Northern leek orchid
- Conservation status: Endangered (EPBC Act)

Scientific classification
- Kingdom: Plantae
- Clade: Tracheophytes
- Clade: Angiosperms
- Clade: Monocots
- Order: Asparagales
- Family: Orchidaceae
- Subfamily: Orchidoideae
- Tribe: Diurideae
- Subtribe: Prasophyllinae
- Genus: Prasophyllum
- Species: P. secutum
- Binomial name: Prasophyllum secutum D.L.Jones

= Prasophyllum secutum =

- Authority: D.L.Jones
- Conservation status: EN

Species of orchid

Prasophyllum secutum, commonly known as the northern leek orchid, is a species of orchid endemic to Tasmania. It has a single tubular, green leaf and up to thirty scented, light brown flowers with a whitish labellum. It is only known from 18 populations and the total population is estimated to number fewer than 500 plants.

==Description==
Prasophyllum secutum is a terrestrial, perennial, deciduous, herb with an underground tuber and a single tube-shaped leaf which is 100-250 mm long and 3-4 mm wide near its purplish-red base. The free part of the leaf is 40-80 mm long. Between nine and thirty scented, light brown flowers are arranged along a flowering spike which is 35-140 mm long reaching to a height of 120-350 mm. The flowers are 7-9 mm long and 4-5 mm wide. As with other leek orchids, the flowers are inverted so that the labellum is above the column rather than below it. The dorsal sepal is lance-shaped to narrow egg-shaped, about 5-6 mm long, 2.5–3 mm wide. The lateral sepals are 6-7 mm long, about 2 mm wide, free from and parallel to each other. The petals are linear, 5 mm long, about 1.5 mm wide and turned forwards. The labellum is whitish, about 5 mm long, 3 mm wide and turns sharply upwards through about 90° near its middle. There is a fleshy green, channelled callus in the centre of the labellum and extending past the bend. The callus is covered with small papillae. Flowering occurs in October and November but only after fires the previous summer.

==Taxonomy and naming==
Prasophyllum secutum was first formally described in 1998 by David Jones from a specimen collected on Anthony Beach near Smithton and the description was published in Australian Orchid Research. The specific epithet (secutum) is a Latin word meaning "followed" referring to this species flowering more prolifically after fire.

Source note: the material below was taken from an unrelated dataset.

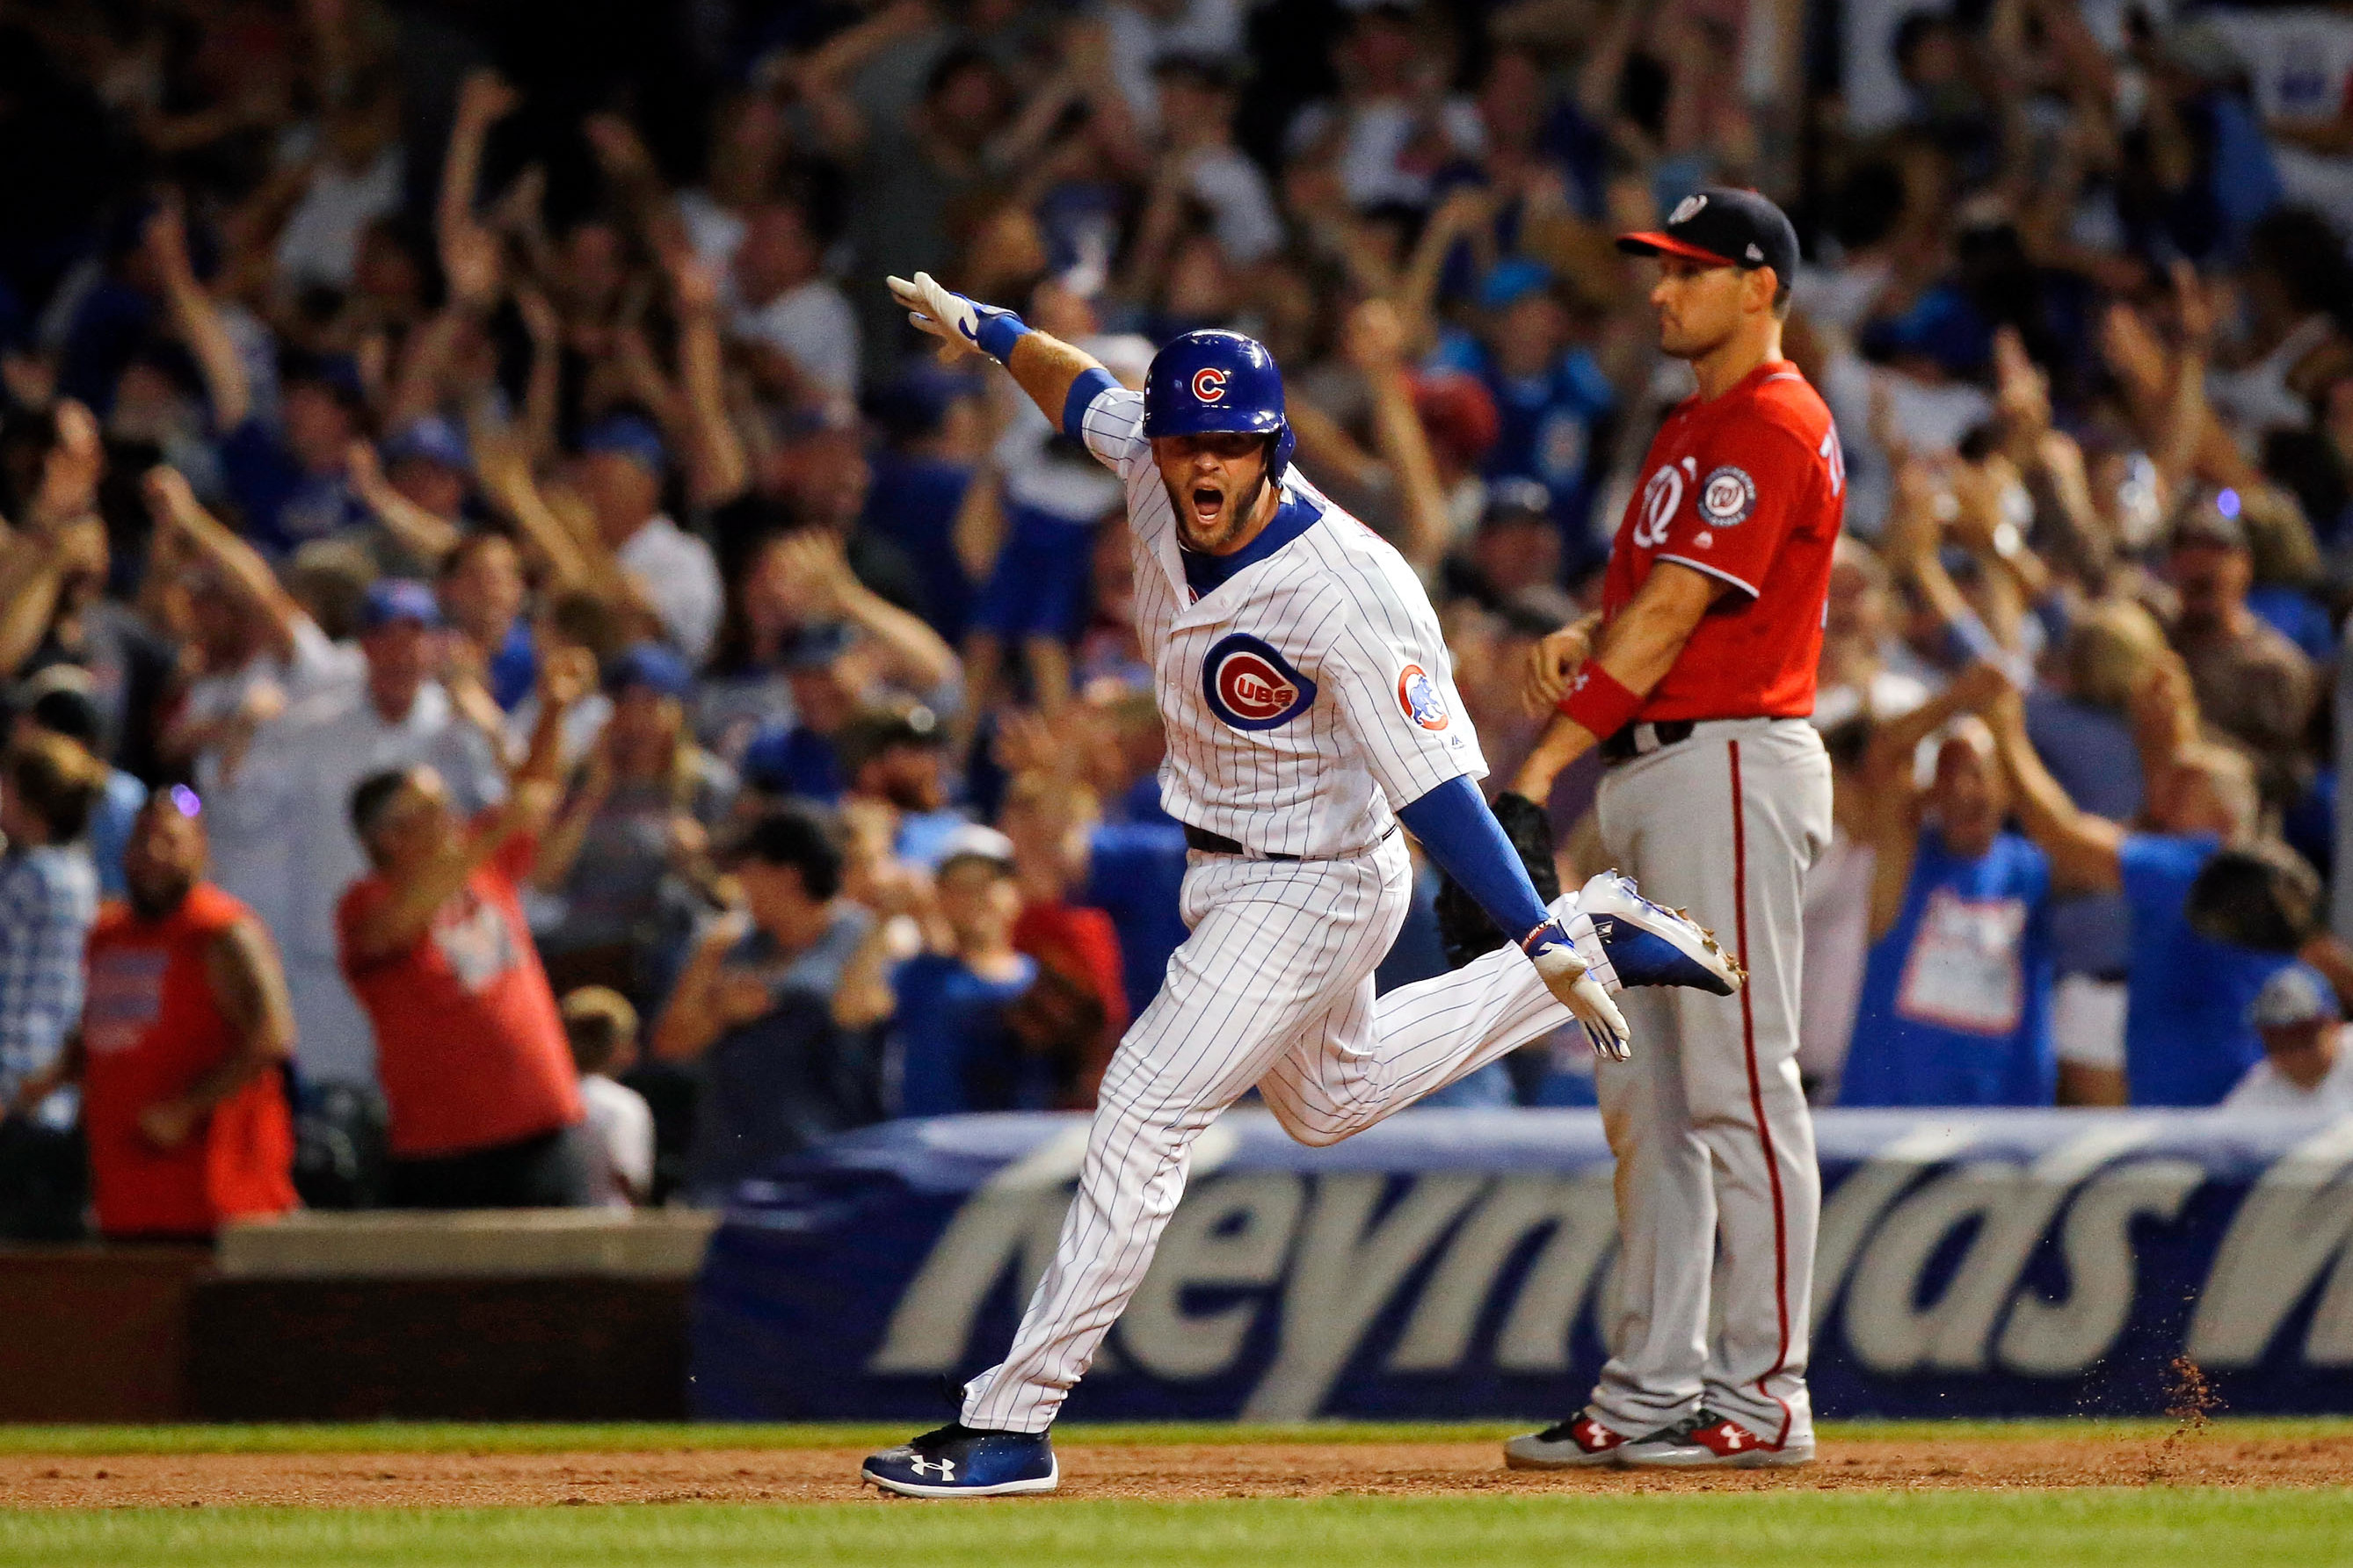 Chicago Cubs: Báez walk-off home run beats Nationals in 13

==Distribution and habitat==
The northern leek orchid grows in dense coastal scrub between sand dunes. It is found in northern Tasmania and on some of the islands in Bass Strait.

==Conservation==
The total number of mature plants of P. secutum is difficult to estimate because they only flower after fire and many populations have not been observed for several decades. About 250 plants are known from two populations and the total number in all populations is estimated to be about 500. The main threats to the species are land clearing, habitat disturbance, inappropriate fire regimes and small population size.